The brain is still the overall winner in many fields when it comes to numbers. However, because of its other commitments, the brain is less efficient when a person tries to use it for one specific function. The brain is as we can put it, a general purpose processor when compared to the computer. It therefore loses out when it comes to efficiency and performance. We have given the estimate for total human performance at 100 million MIPS, but the level of efficiency for which this can be applied to any task may only be a small fraction of the total. (this fraction depends on the adaptibilty of the brain to the task)
Deep Blue, the chess machine that bested world chess champion Garry Kasparov in 1997, used specialized chips to process chess moves at a the speed equivalent to a 3 million MIPS universal computer. This is 1/30 of the estimate for total human performance. Since it is plausible that Kasparov, probably the best human player ever, can apply his brain power to the strange problems of chess with an efficiency of 1/30, Deep Blue's near parity with Kasparov's chess skill supports the theory of the level of efficiency of total performance. ( Garry Kasparov beat Deep Blue with a very close, 2 -1 )
Comparison between conventional computers and neural networks
One of the major advantages of the neural network is its ability to do many things at once. With traditional computers, processing is sequential--one task, then the next, then the next, and so on. The idea of threading makes it appear to the human user that many things are happening at one time. For instance, the Netscape throbber is shooting meteors at the same time that the page is loading. However, this is only an appearance; processes are not actually happening simultaneously.
The artificial neural network is an inherently multiprocessor-friendly architecture. Without much modification, it goes beyond one or even two processors of the von Neumann architecture. The artificial neural network is designed from the onset to be parallel. Humans can listen to music at the same time they do their homework--at least, that's what we try to convince our parents in high school. With a massively parallel architecture, the neural network can accomplish a lot in less time. The tradeoff is that processors have to be specifically designed for the neural network.

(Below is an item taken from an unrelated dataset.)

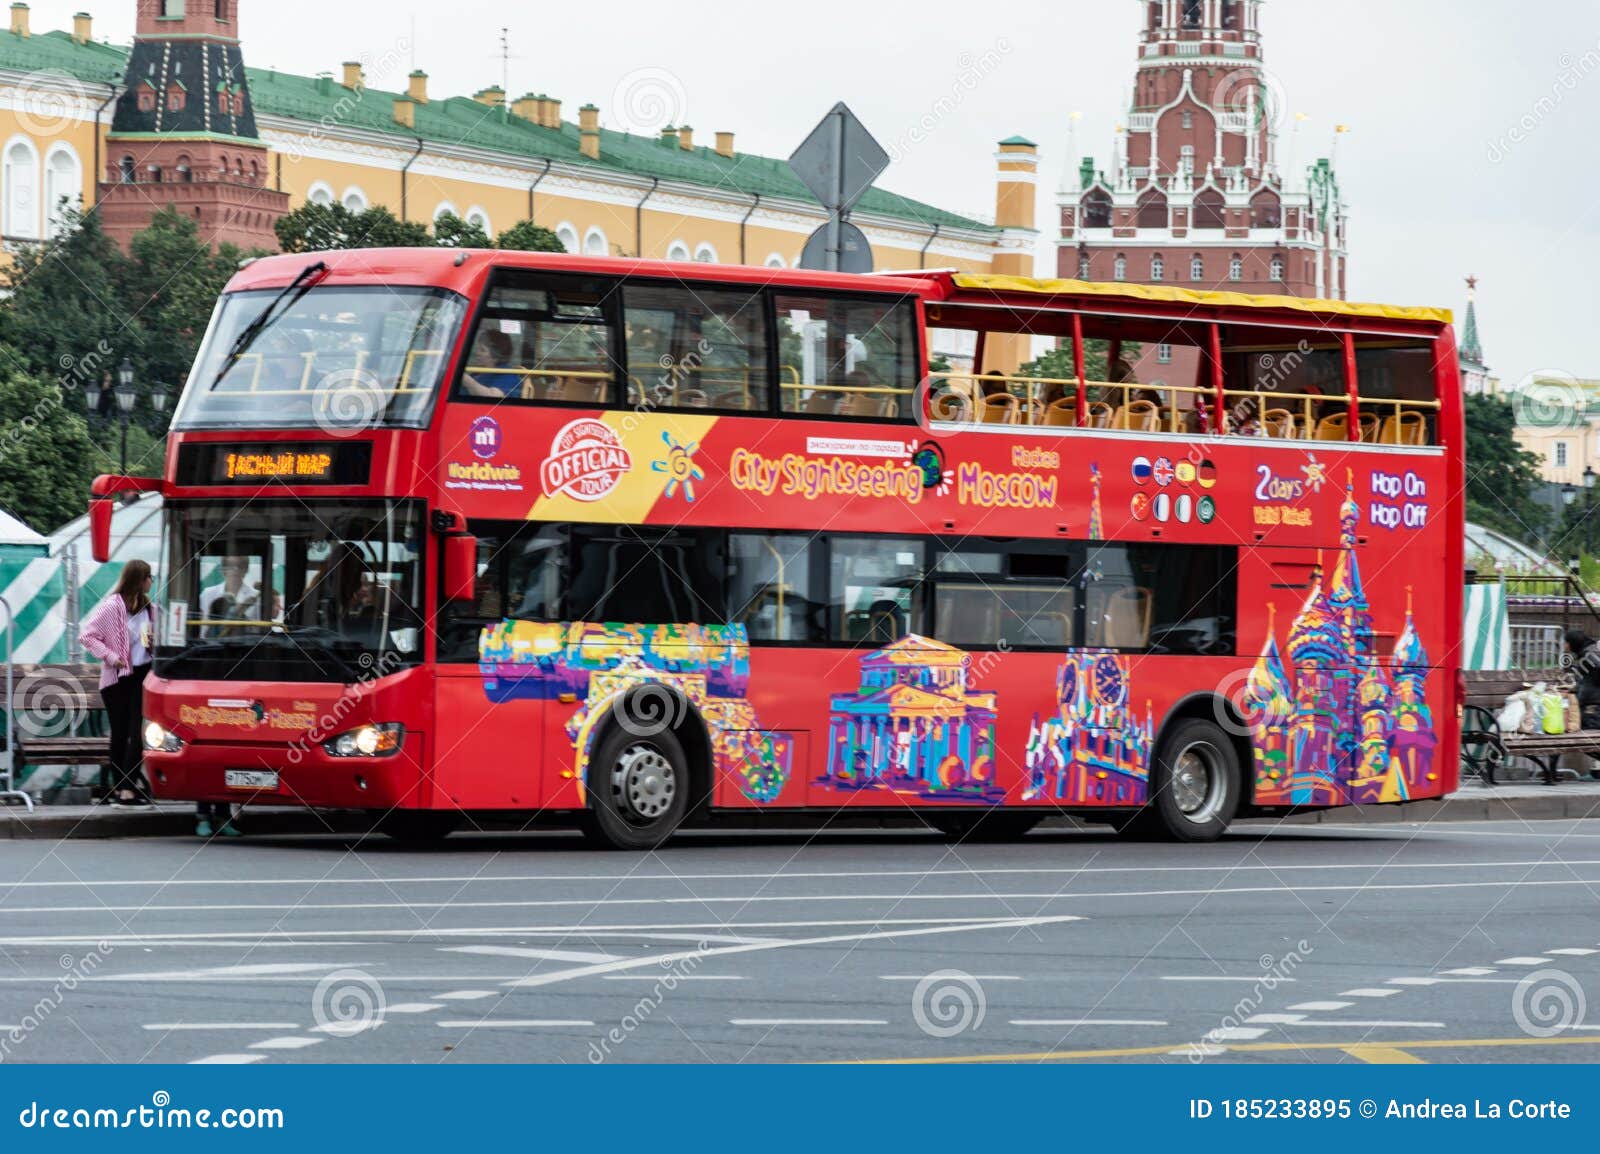 bus tour moscow

The ways in which they function
Another fundamental difference between traditional computers and artificial neural networks is the way in which they function. While computers function logically with a set of rules and calculations, artificial neural networks can function via images, pictures, and concepts.
Based upon the way they function, traditional computers have to learn by rules, while artificial neural networks learn by example, by doing something and then learning from it. Because of these fundamental differences, the applications to which we can tailor them are extremely different. We will explore some of the applications later in the presentation.
The "connections" or concepts learned by each type of architecture is different as well. The von Neumann computers are programmable by higher level languages like C or Java and then translating that down to the machine's assembly language. Because of their style of learning, artificial neural networks can, in essence, "program themselves." While the conventional computers must learn only by doing different sequences or steps in an algorithm, neural networks are continuously adaptable by truly altering their own programming. It could be said that conventional computers are limited by their parts, while neural networks can work to become more than the sum of their parts.
The speed of each computer is dependant upon different aspects of the processor. Von Neumann machines requires either big processors or the tedious, error-prone idea of parallel processors, while neural networks requires the use of multiple chips customly built for the application.